Re Epic vs console exclusives.
Is it really a comparable situation?
On PC. You download a new client that takes up next to nothing. Whip out the credit/debit/gift card and go from there. Same device, same OS, same input methods...
On console. Whole new console + space for it, new controller (or maybe hacks to workaround), whatever extra monthly costs that are involved...

Personally I find it a pity that exclusives of any stripe exist at all (much prefer the DVD model wherein I just need a player, any disc will work in it).


----------



## SG854 (Nov 16, 2020)

FAST6191 said:


> Reading through this thread I don't know if I have ever had less interest in a new console generation, and this appears to be extending into my awareness/working knowledge of it all -- while I still think the PS4bone was premature by a year or so there was still devs having to carve things up and play master coder to get things to fit vs where the PC was at so I can see it. Today... nothing for me to ponder really.
> 
> 
> Re Epic vs console exclusives.
> ...


I was talking about where the money goes too. People just don't want to support Epic and don't like they are paying companies for exclusives and people don't want to support a company they don't like with their buisness practices.

But ya on PC its easy as downloading a client and thats it instead of buying an entirely new console. Which makes it even stranger that people get more mad on PC instead of consoles doing the same thing.


----------



## Tweaker_Modding (Nov 16, 2020)

i want a PS5 but not only are they not released over here in the UK yet but i can’t get my hands on one

and fuck getting one on eBay because they’re 100% scalped and are most likely scams as well


----------



## StrayGuitarist (Nov 16, 2020)

I couldn't afford to preorder while they were available, and after that they got scalped into oblivion. It probably won't be for months until I get one, but I'm not that upset. There's really nothing about either console I _need_ right now. If anything, I'll probably end up trying to get a Series X, but I doubt it'll be any time soon.


----------



## TomSwitch (Nov 16, 2020)

sergey3000 said:


> I maybe gonna buy the ps5 when they release the slim version of the ps5. Because the current console looks ugly (especially the disc version). and also when the console gonna drop to at least 500$ in my country.

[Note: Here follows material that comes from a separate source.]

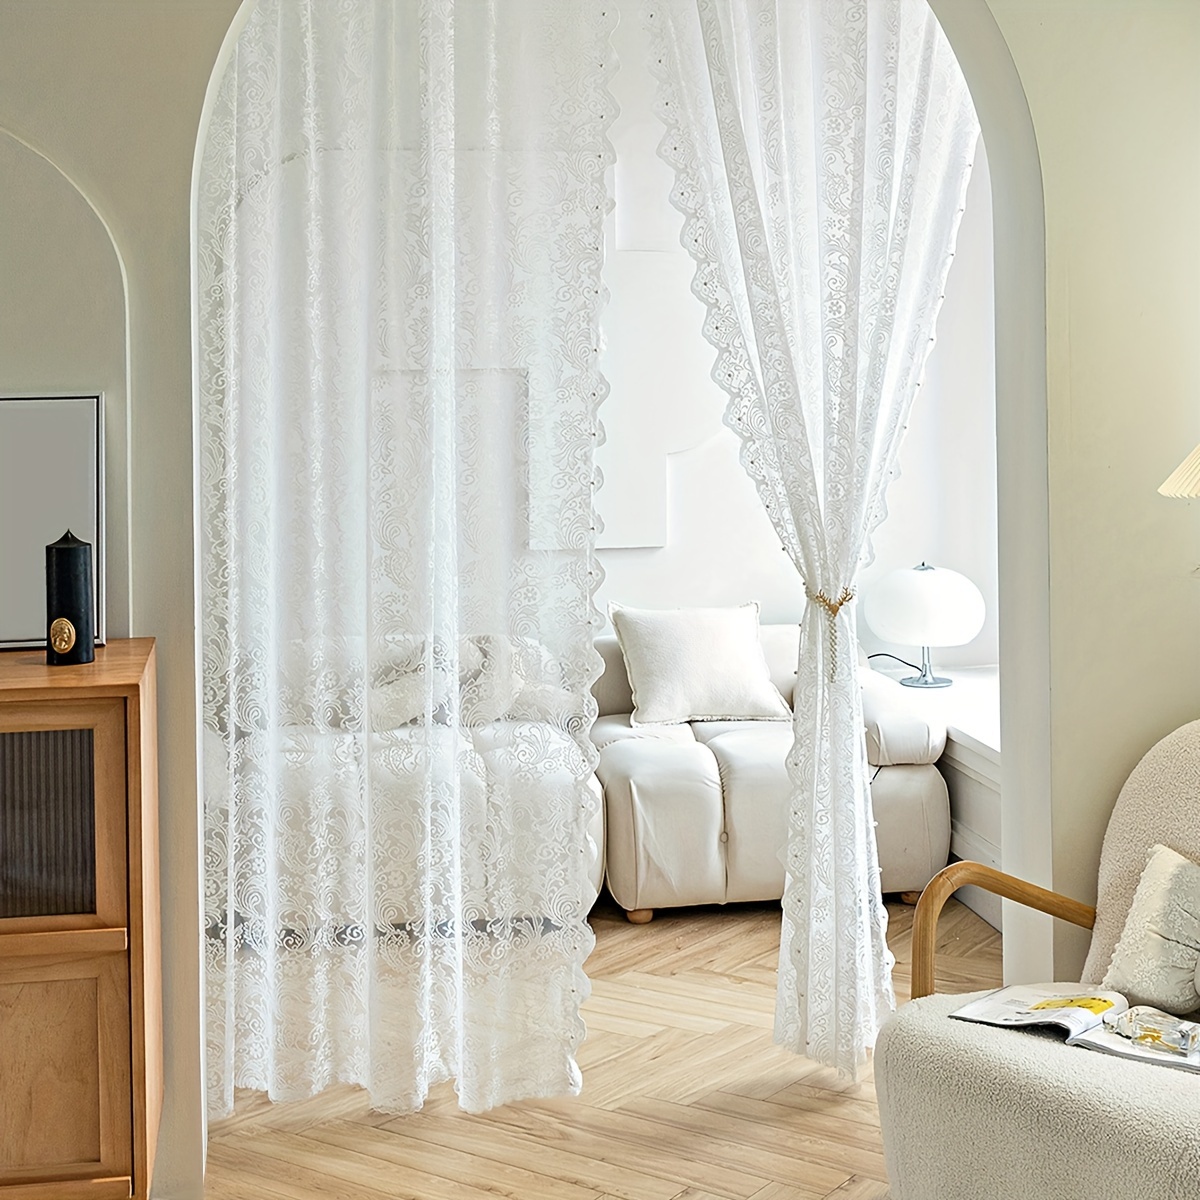 Kaufe Fenstervorhang, attraktiv, gute Luftdurchlässigkeit, einfache  Installation, transparenter Vorhang, Esszimmer, Badezimmer, Spitze,  transparenter Vorhang, Fenstervorhang

I have pre ordered digital version. Form all indication it is going to be ugly. It isn't a display piece for any living room for sure. Probably wife approval rating expected to be low.

--------------------- MERGED ---------------------------



tech3475 said:


> Depends on particular circumstances, in my case I consider the two compliment each other.
> 
> Not everything I want to run, will run on PC (E.g. Rare replay) or would require repurchasing (note I have Gamepass Ultimate but not everything is available on both).
> 
> ...


For a well made game console version is best. PC let's you turned the game for full enjoyment if it wasn't properly made by the developer.

--------------------- MERGED ---------------------------



mathew77 said:


> Still waiting for the next-gen Nintendo Switch Pro.


Hope switch pro don't come so soon. Want to enjoy my switch for as long as possible.

--------------------- MERGED ---------------------------



limpbiz411 said:


> compared to my computer, these new consoles are toys. I don't think I'll be buy them at all


They are suppose to be toys. Most of us come to gbatemp to discuss about our toys, not you?

--------------------- MERGED ---------------------------



hippy dave said:


> IDK who'd make a "decent" monitor without a digital input in this day & age, but the fact is you lose quality by converting to analogue and back to digital for no reason. Have fun I guess.


Won't be long before HDR is what a decent gaming display need to support.

--------------------- MERGED ---------------------------



total_n000000b said:


> Bruh I am far from PC master race. Apple M1 is just Soo good we will have better gaming experiences I said that. But my phrasing was a bit bad so apologies. Pc are only good if you want to get locked around a chair and have heat waves blasted out just to enjoy something. Compared to PC ps5 and Carries are much better choices.
> 
> PC along with consoles x86 architecture is obsolete. Soon once all the developers adopt to superior ARM instruction set with Nvidia releasing an M1 competitor no one is going to support these slow systems that take power.
> 
> ...


Some people love Apple unconditionally. I only love them when they perform like a champion and don't mess up software update. Apple hasn't fulfill my desire to love them lately.

--------------------- MERGED ---------------------------



SG854 said:


> Right now early line up is better on Sony. But I know many people holding off on a PS5 because most they could play on PS4.
> 
> Give X-Box time and they will have exclusives eventually. The problem with Sony exclusives is that Sony bought and paid alot of those studios to release only on their console. So that made the PS4 more compeling then X-Box One. Something that Epic games on PC does but gets more hate then Sony, and Sony instead gets praise for doing this same behavior. I find it hypocritical. X-Box is counteracting doing the same thing buying up game studios. So eventually exclusives will come to X-Box.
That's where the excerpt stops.